Abstract

Study Objective To investigate the feasibility and clinical application of early cervical application of nano-carbon tracer imaging of sentinel lymph node (the SLN) under laparoscopic 3D. Design 50 patients diagnosed with early cervical cancer patients, cervical injection nanometers from preoperative Carbon-suspended injection.3D laparoscopic direct recognition of black-stained lymph nodes as SLN and excision, followed by laparoscopic pelvic lymphadenectomy + extensive hysterectomy (+ abdominal para-aortic lymph node sampling). Setting Xinxiang City Central Hospital Gynecologic Oncology, China. Patients or Participants 50 patients diagnosed with early cervical cancer patients were enrolled. Interventions 3D laparoscopic direct recognition of black-stained lymph nodes as SLN and excision, followed by laparoscopic pelvic lymphadenectomy + extensive hysterectomy (+ abdominal para-aortic lymph node sampling). Measurements and Main Results A total of 1476 lymph nodes were removed from 50 patients. SLN was successfully detected. The detection rate of SLN was 100% (50/50). A total of 445 SLNs were detected, accounting for 43.20% (445/1030) of the total number of lymph nodes.

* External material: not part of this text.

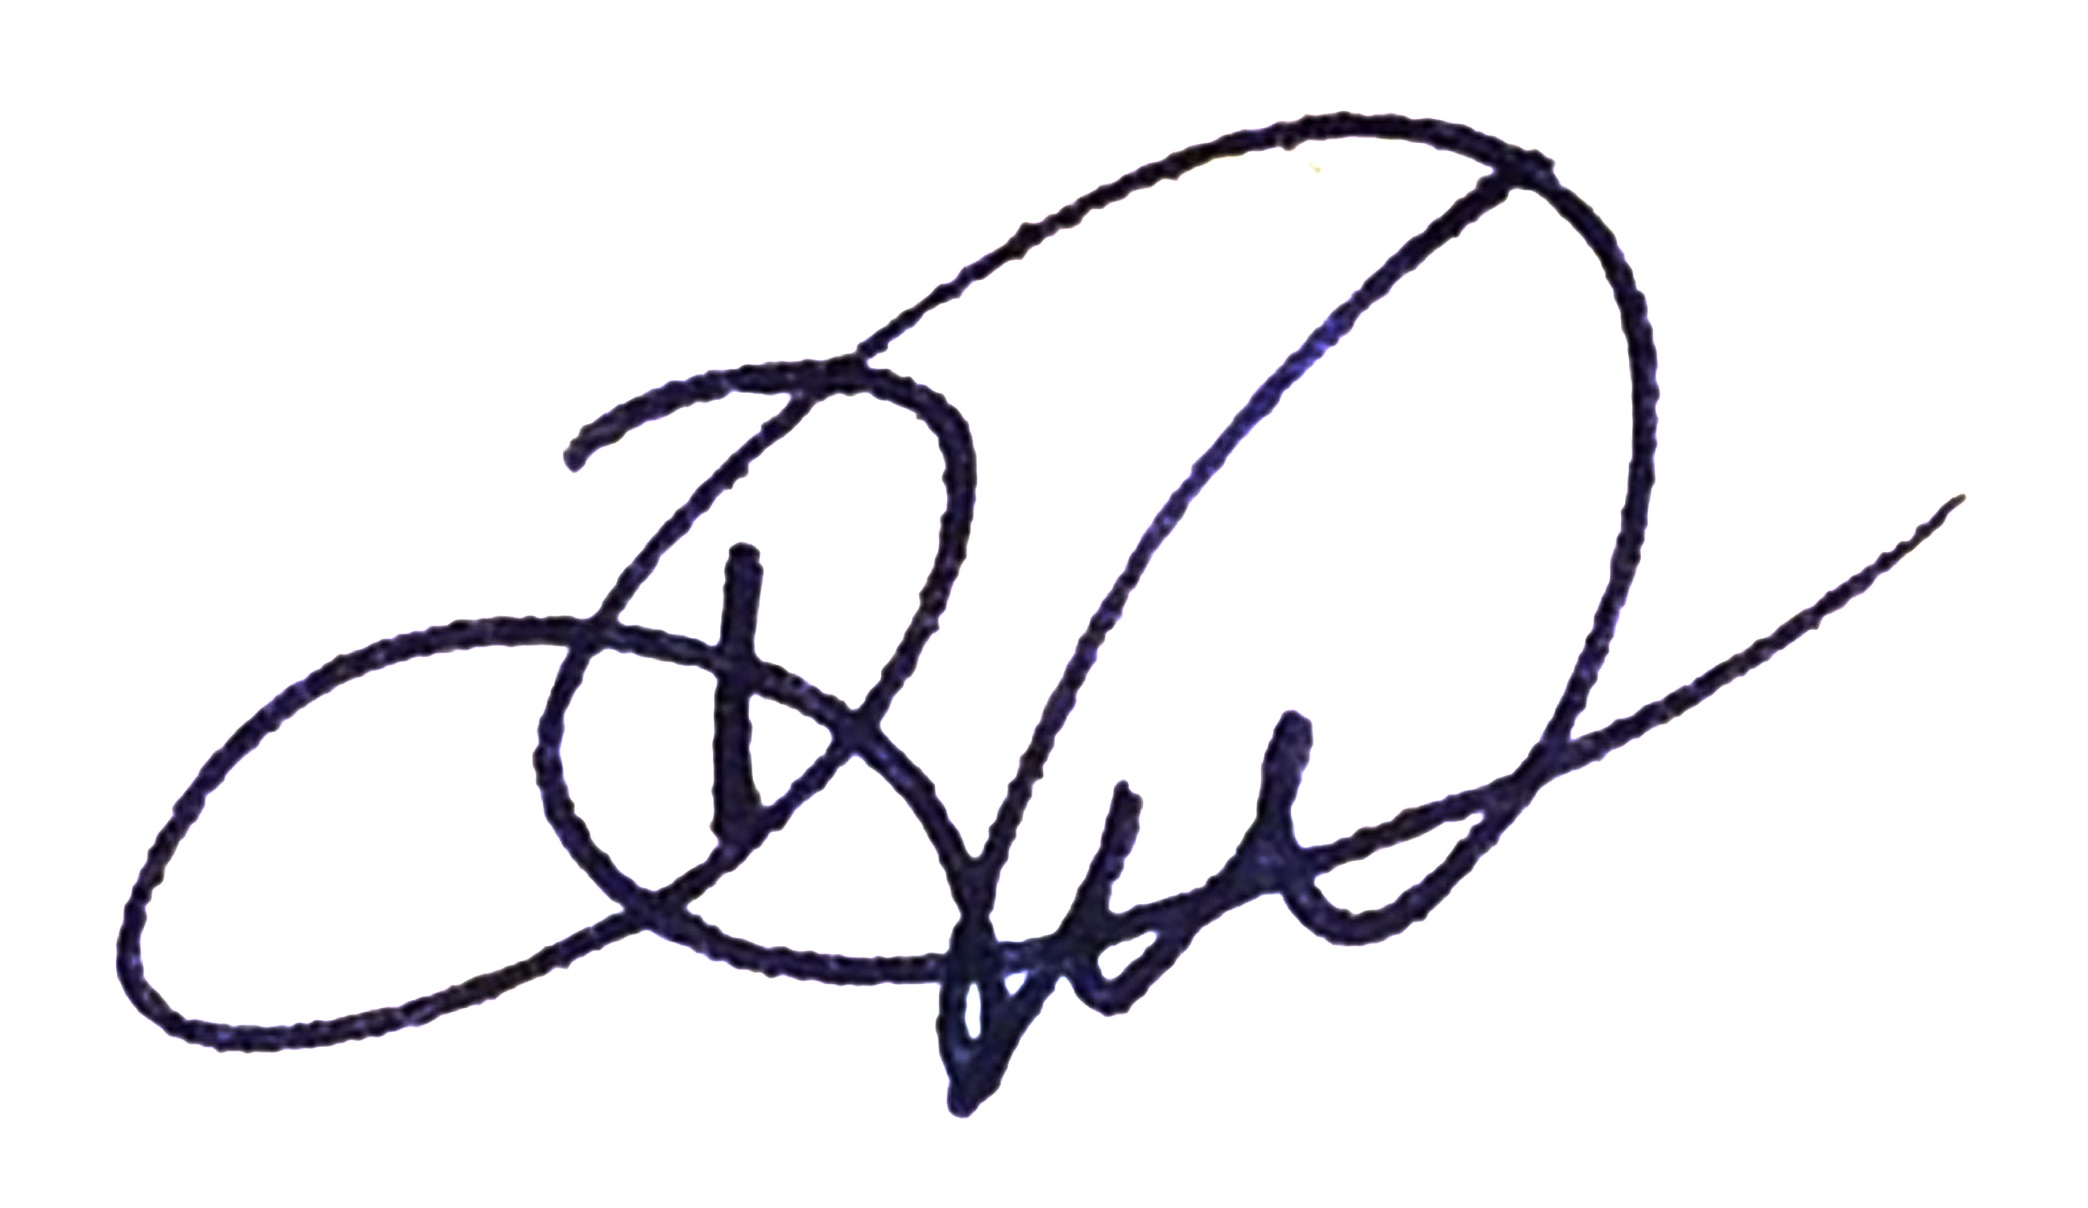 d. vieth art's Signature

SLNB detection sensitivity 100% (50/50), specificity 100.00% (50/50), SLN prediction of pelvic lymph node status and postoperative pathological examination coincidence rate of 100% (50/50), negative predictive value of 100.00% (50/50). Conclusion The metastatic state of SLN in early cervical cancer is consistent with the true metastatic state of pelvic lymph nodes, which has a more accurate pathological representative significance. Laparoscopic detection of SLN in early cervical cancer using nano-carbon tracer is a comparative method. Safe and feasible, SLNB has to replace traditional cervical cancer pelvic lymphadenectomy, narrowing the scope of surgery and reducing trauma.